| Brief |
Only the lines below from the one containing "Фильтр воды для" to the one containing "Cách order HM" should be repeated, both included and unchanged.

-------- Dataset entries --------

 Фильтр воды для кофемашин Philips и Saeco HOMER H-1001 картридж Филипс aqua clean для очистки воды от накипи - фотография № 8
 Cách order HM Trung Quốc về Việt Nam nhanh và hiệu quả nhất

--------
-------- Dataset entries --------

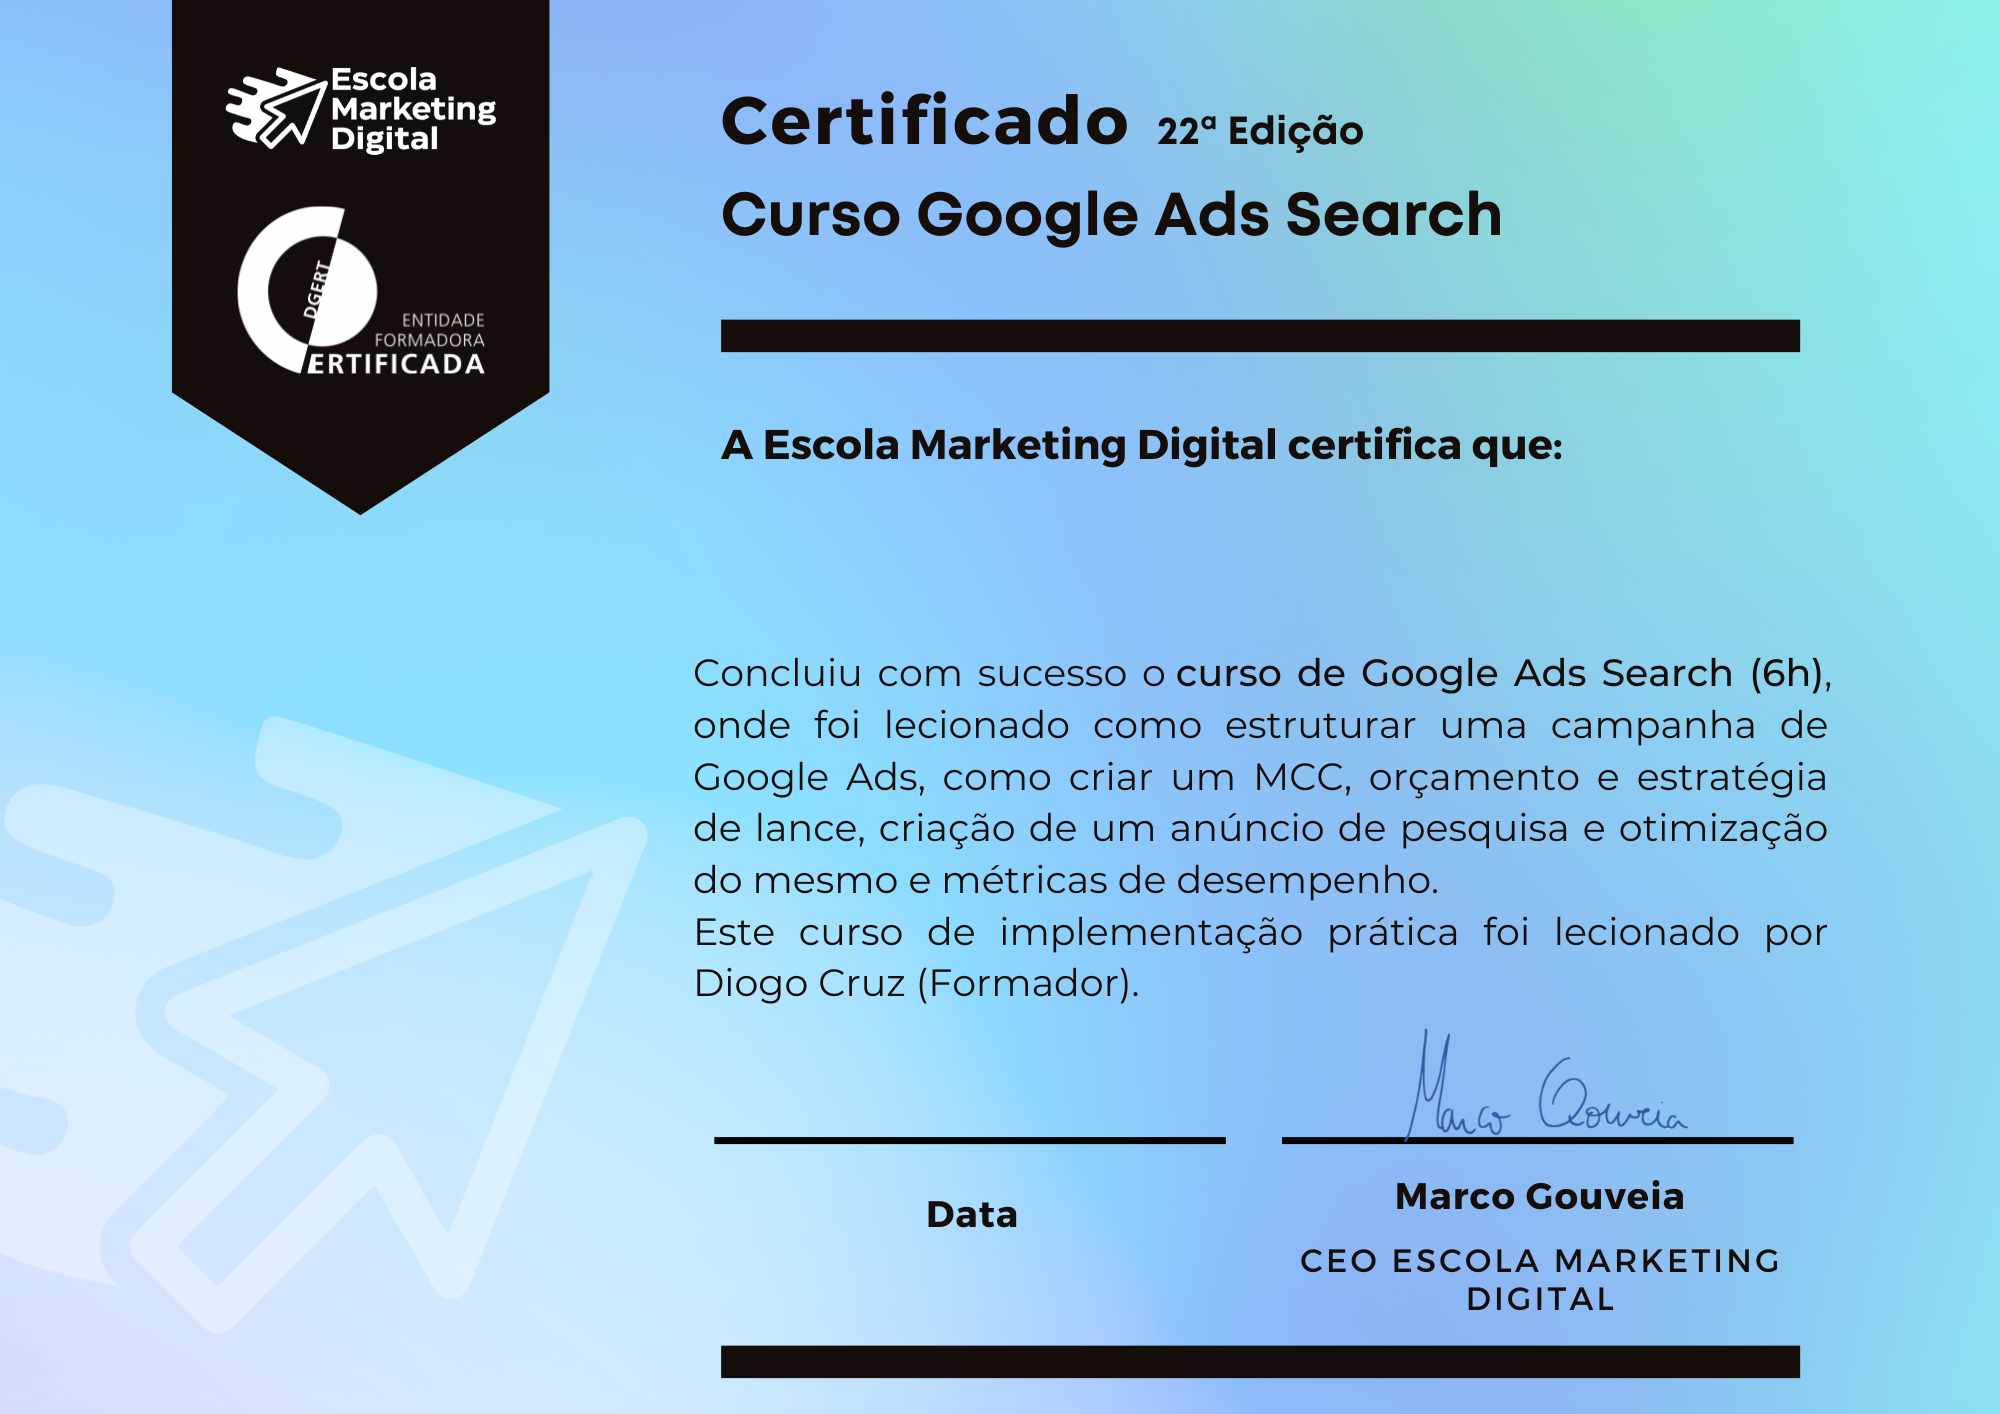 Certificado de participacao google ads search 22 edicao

--------
-------- Dataset entries --------

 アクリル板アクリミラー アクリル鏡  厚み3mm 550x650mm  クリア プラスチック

--------

| Your response |
 Фильтр воды для кофемашин Philips и Saeco HOMER H-1001 картридж Филипс aqua clean для очистки воды от накипи - фотография № 8
 Cách order HM Trung Quốc về Việt Nam nhanh và hiệu quả nhất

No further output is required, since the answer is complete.